Do your beliefs, or does your religion, assign a person’s soul to Hell for a crime less than murder? A person who commits such a crime would suffer as much for as long. Is that justice?

Yet, we–you and I and our neighbors and friends–believe that it is. This is the root of our problem. We can conceive of everlasting punishment and believe that it is deserved.

We can conceive of a “just and merciful” deity that visits everlasting punishment on us. We can conceive of a deity that believes we deserve punishment and death because we do not believe or pray correctly–and many of us believe that we are the instruments of “His” will to enforce, through any means necessary, that Will.

For Myself

If you believe in a deity who punishes people by placing them in Hell and leaving them there forever, you are welcome to him/Him. You deserve what you get–and this world is part and parcel of that belief.
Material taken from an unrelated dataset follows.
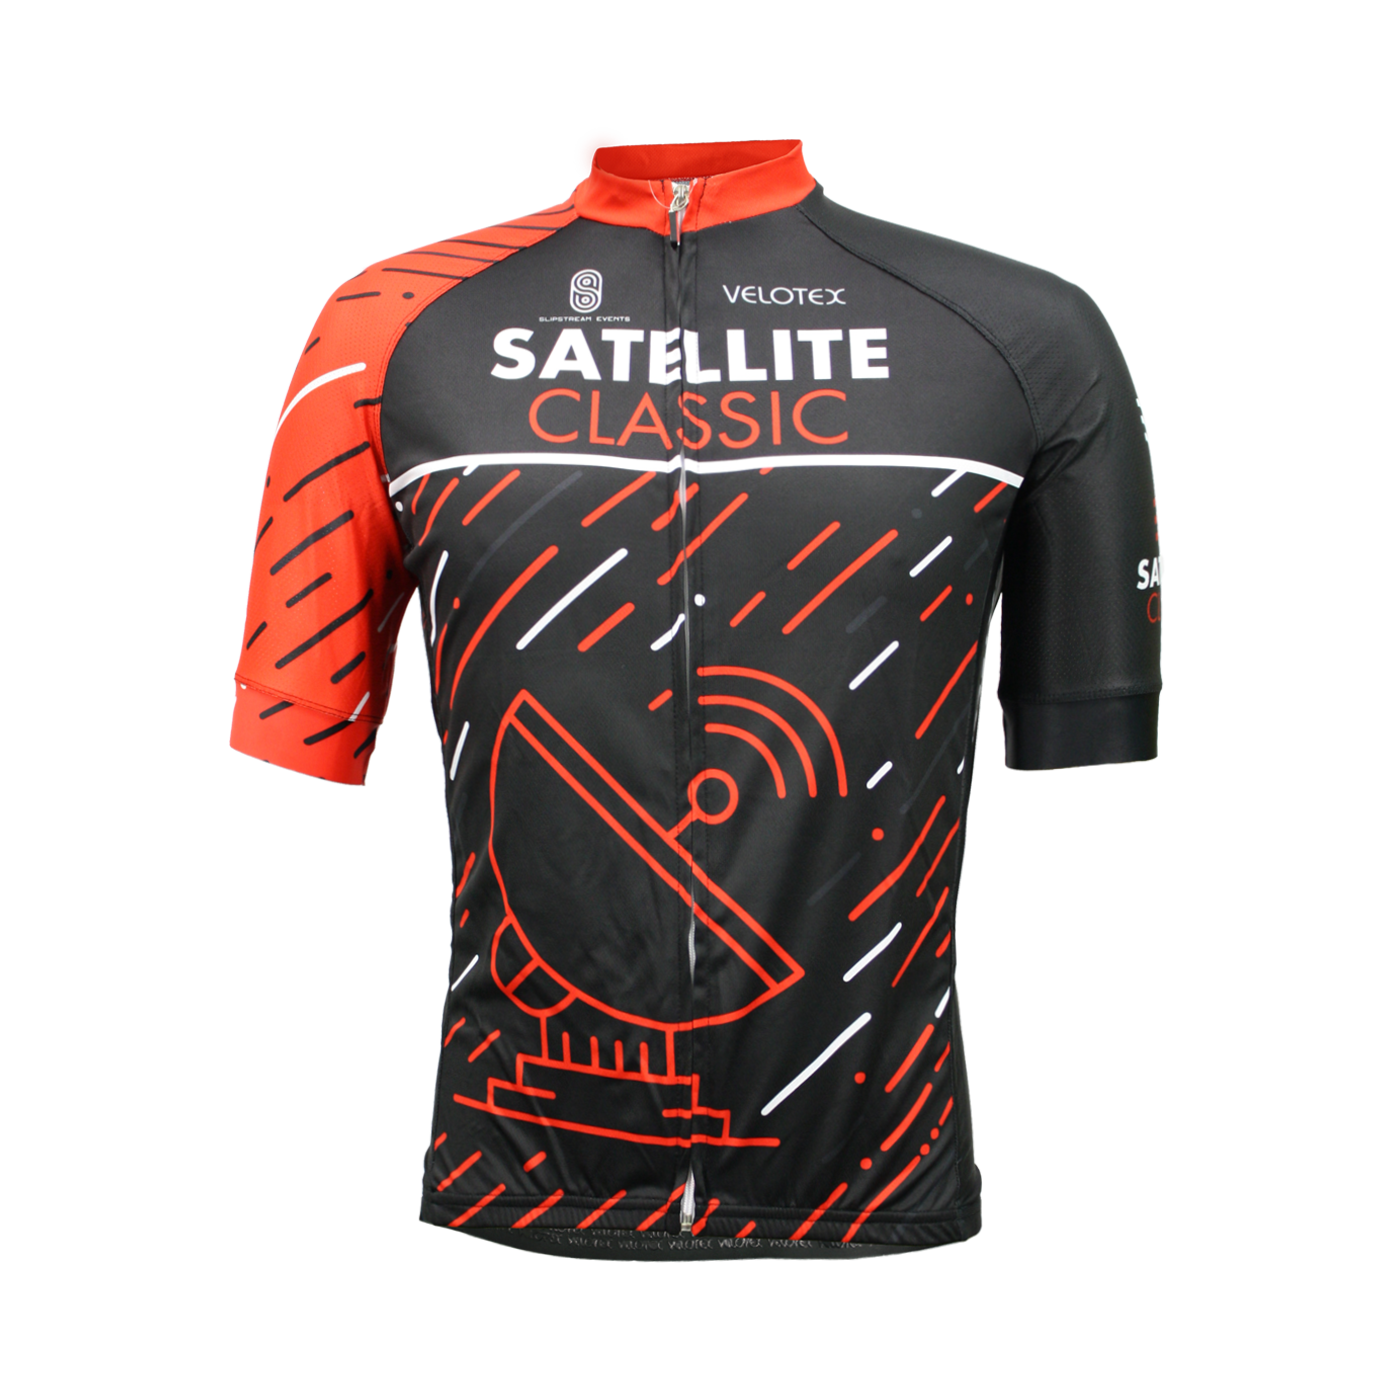 Satellite Classic Cycling Jersey Mens Vento/PV

I, however, shall believe in a deity that offers mercy even to the worst of us (though I may not feel this way in the heat of passion and a desire for revenge after a 9/11 or similar tragedy). As long as we believe in a deity that imposes a “just” punishment that lasts forever, we shall believe in, and find, an evil deserving of such–and if we cannot find one, we will create one.

What we need is a rational belief, if that in and of itself isn’t self-contradictory, in a reconciliation between good and evil, God and Satan. We need a prophet to preach belief in a god/God who doesn’t hold a grudge forever. Only then can we banish our demons and become a society that is rational, merciful and just.


For a different take on the nature of good and evil try reading Piers Anthony’s series The Incarnations of Immortality.